- Phenotypic evolution of agricultural crops. Plants have evolved to become bigger, less able to run away, and more delicious to herbivores, and breeders can use insights into that domestication process to develop an ideotype for multipurpose crops adapted to sustainable agriculture.
- The taming of the weed: Developmental plasticity facilitated plant domestication. The authors made plants less lazy, more attractive, and easier to cook — all by simply hanging out with them for a season or two. And so did early farmers.
- Revisiting the concept of the ‘Neolithic Founder Crops’ in southwest Asia. The earliest farmers in the Fertile Crescent did not do the above for just a single, standard basket of 8 crops.
- The Fits and Starts of Indian Rice Domestication: How the Movement of Rice Across Northwest India Impacted Domestication Pathways and Agricultural Stories. Rice began to be cultivated in India in the Ganges valley, moved in a semi-cultivated state to the Indus, got fully domesticated there, then met Chinese rice. No word on what else was in the basket.

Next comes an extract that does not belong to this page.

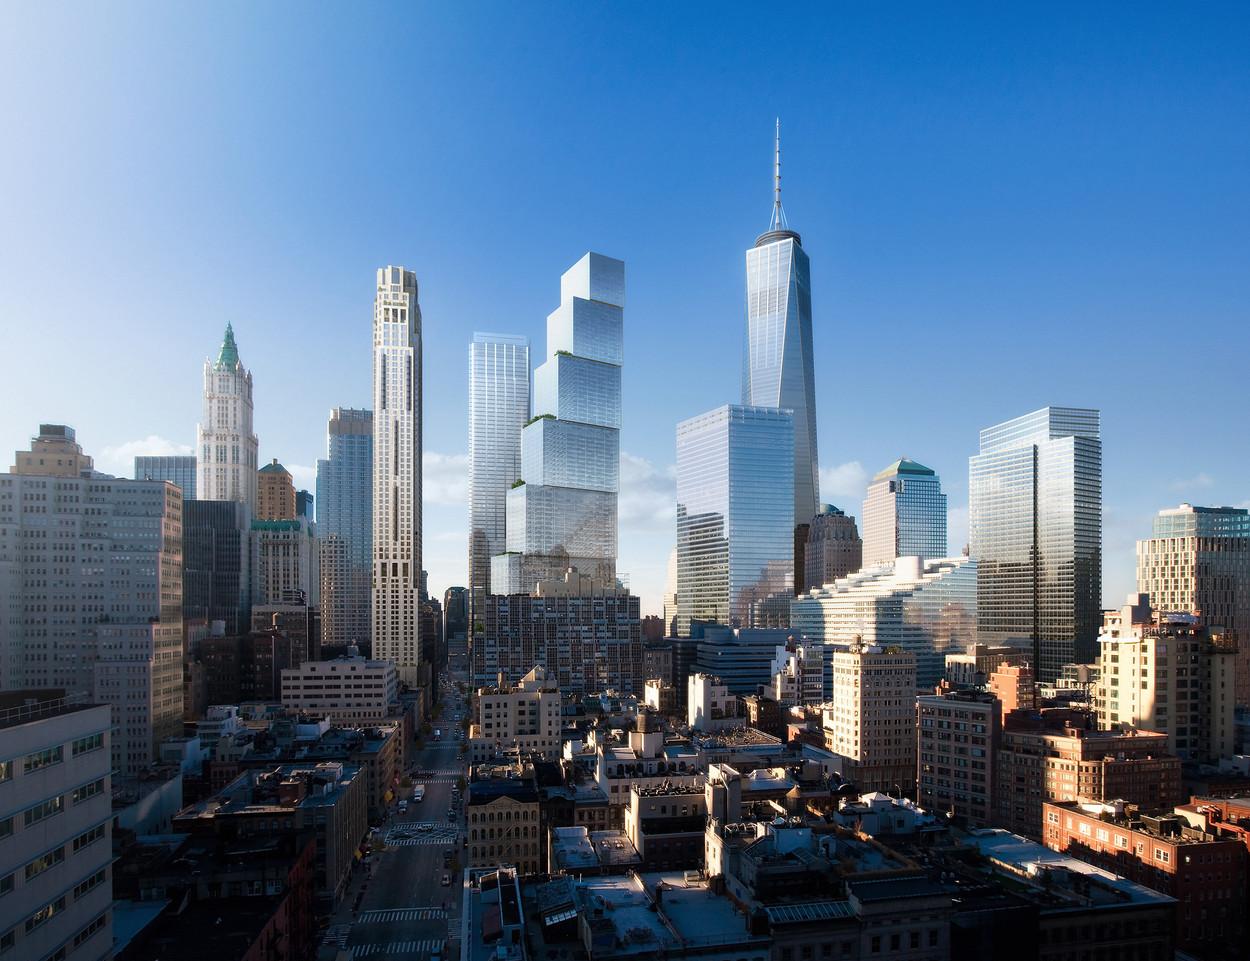 Die 10 höchsten unvollendeten Wolkenkratzer der Welt

- Analysis of Domestication Loci in Wild Rice Populations. Australian populations of wild rice have never been anywhere near cultivated rice, but could easily be domesticated.
- Selection and adaptive introgression guided the complex evolutionary history of the European common bean. The first introductions were from the Andean genepool, but then there was introgression from that into the Mesoamerican, and both spread around Europe. A bit like Indian meeting Chinese rice?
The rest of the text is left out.